CSF miRNAs involved in FM

Discussion in 'News and Research' started by IanH, Oct 26, 2013.

  1. IanH

    IanH Active Member

    This is a very significant study for those with FM (whatever the origin of the FM, injury, ME/CFS or other sources)

    Generally miRNAs regulate cell metabolic processes through complicated mechanisms, including directly targeting key molecules (transporters or enzymes / kinases) of metabolic processes. MiRNAs can directly modulate the expression of metabolic transporters or enzyme activities. In addition, MiRNAs also play pivotal roles in the expression level of transcription factors.

    This study has found Six genes in particular that are malfunctioning (or possibly SNPs) resulting in low levels of the particular mi-RNA in response to need. These genes produce the mi-RNA's in the CSF. In the FM subjects the levels of mi-RNA were below that of normals under the circumstances normally stimulating the elevation of the mi-RNA.

    The most significant is miR-145 which correlates with pain and fatigue (This mi-RNA is also downregulated in endometriosis and ulcerative colitis but unlike in those illnesses it is not associated with insulin-like growth factor).

    The second key mi-RNA, miR-21. This is involved in glial and neuronal modulation after injurious pain as well as regulation of neuropathic pain. So where a person has spinal injury (even mild compression stress) this mi-RNA is important.

    Thirdly miR-29 is decreased in alzheimers, parkinsons and myotonic dystrophy. In an animal exercise study this mi-RNA was increased leading to improved cardiac function after exercise. So for FM the decrease in miR-29 can result in impaired cardiac function and slower cardiac improvement due to exercise. (This is what we have found, people with FM need to exercise but the exercise has much much slower benefit than for healthy people AND if they stop exercising their deterioration is faster.)

    Forthly miR-23b is a regulator of mu-opiod receptor expression. This is repressed in several auto-immune diseases such as MS, SLE and EAE. It is anti-inflammatory. Hence pain modulation is impaired.

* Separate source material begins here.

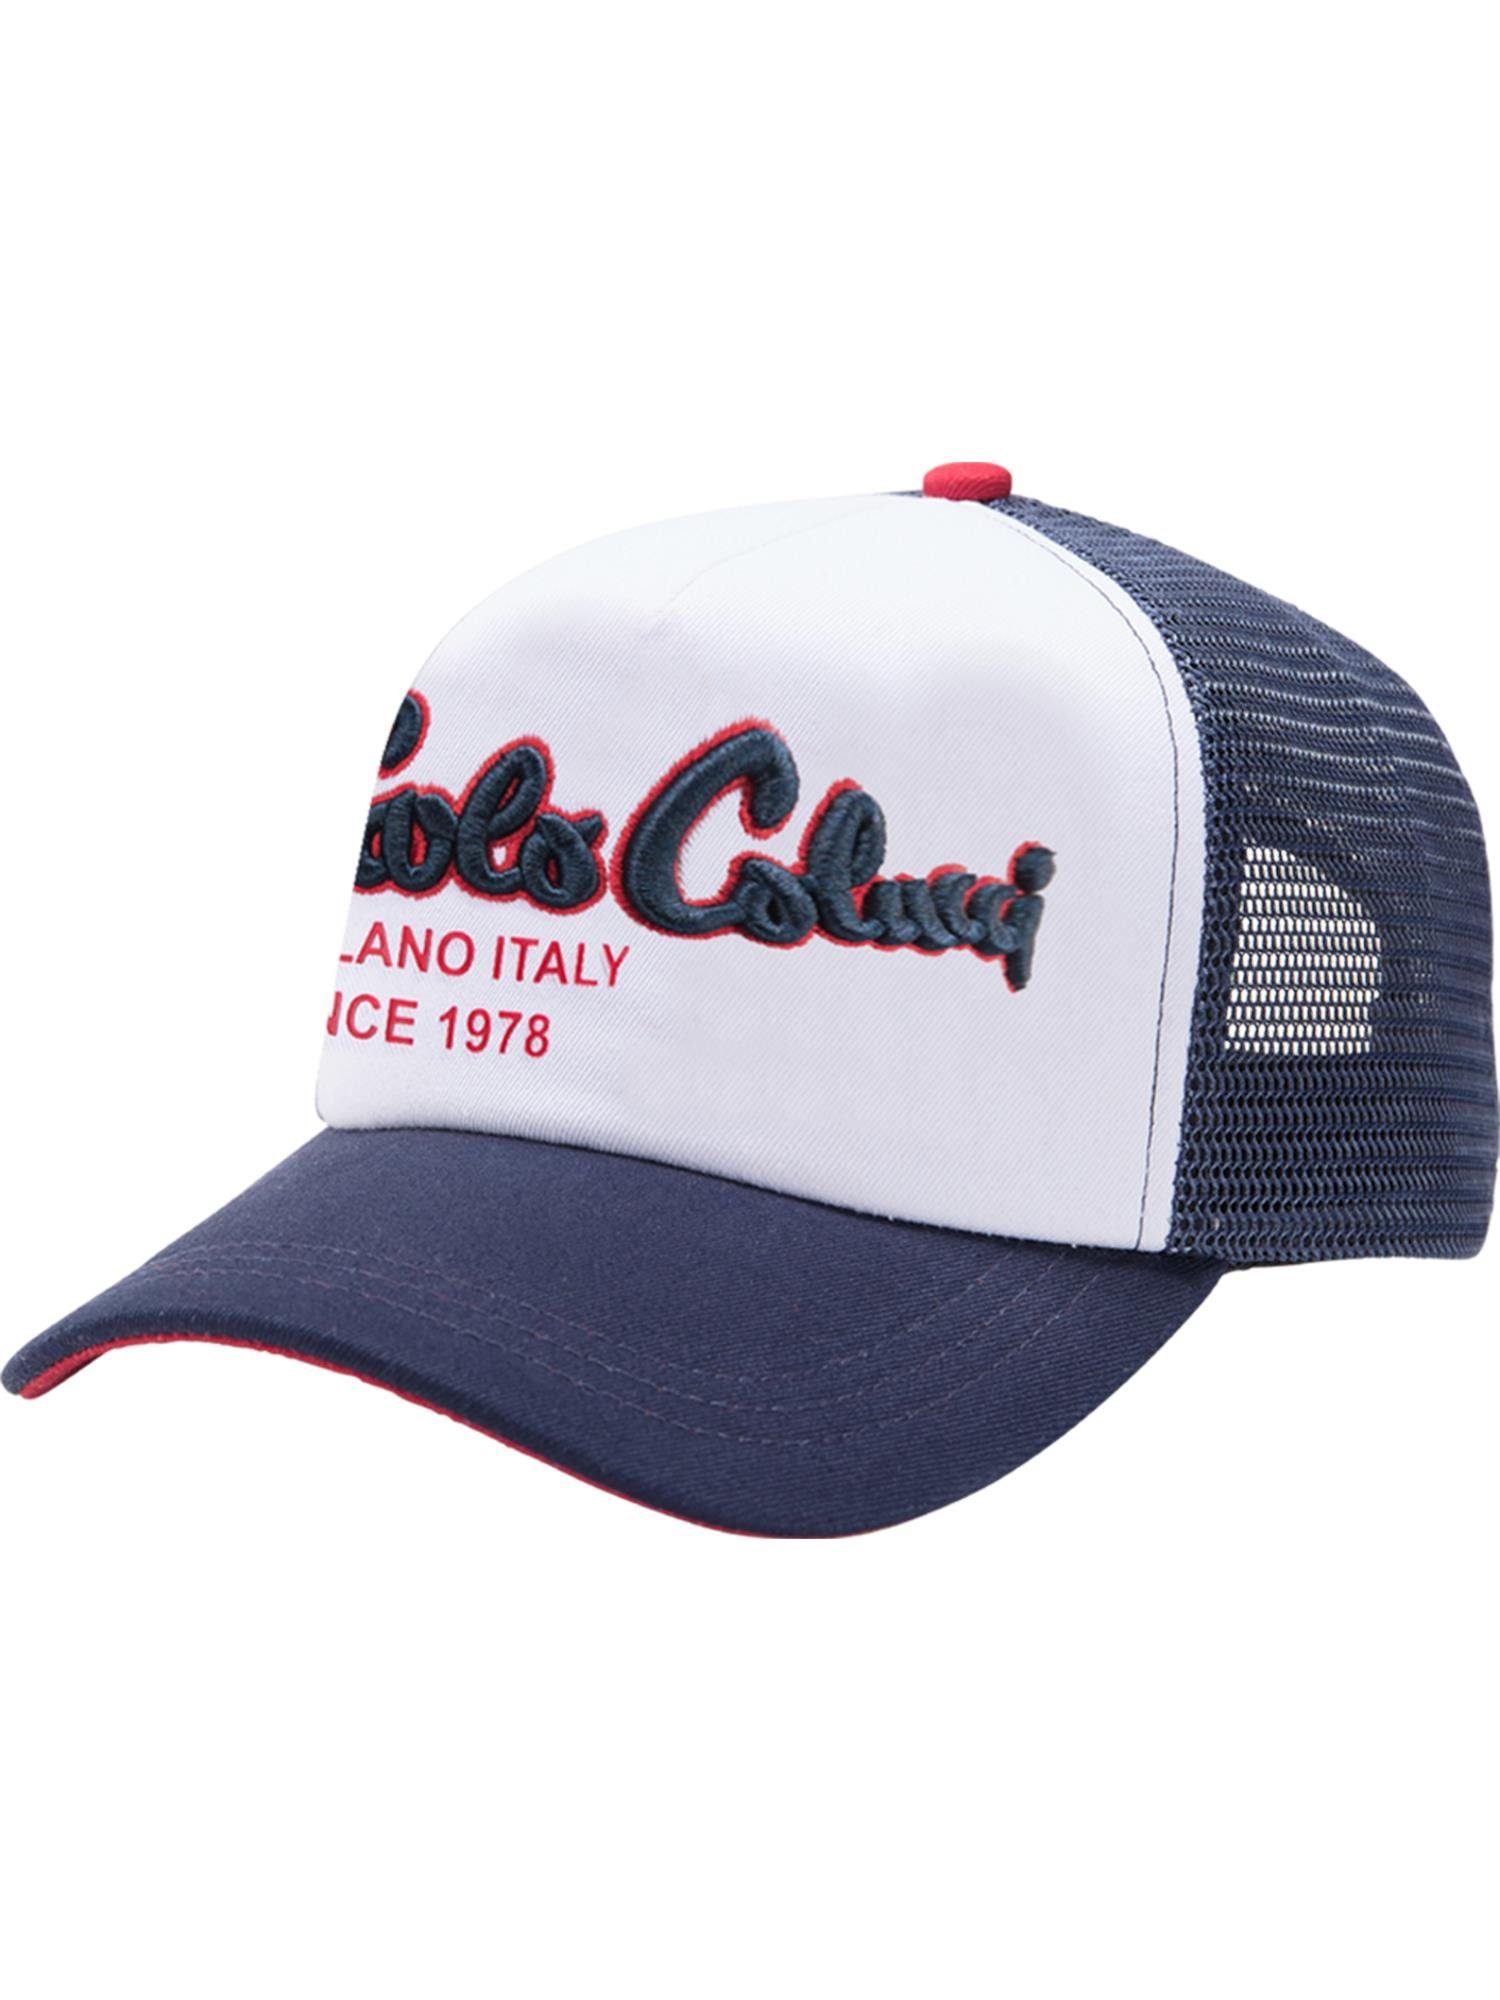 meistverkauft CARLO COLUCCI Baseball Comberlato Cap

    Fifthly, miR-195-5p is involved in energy metabolism and modulates mitochondrial function. It is also a direct regulator of GLUT3 and is associated with control of lactate production during elevated glycolysis.

    Lastly miR-223 when downregulated (as in FM) promotes TLR-triggered IL-6 and IL1b production. That is its downregulation or lowered levels promotes inflammation. Its upregulation in the nervous system protects neurons by targeting the glutamates receptors.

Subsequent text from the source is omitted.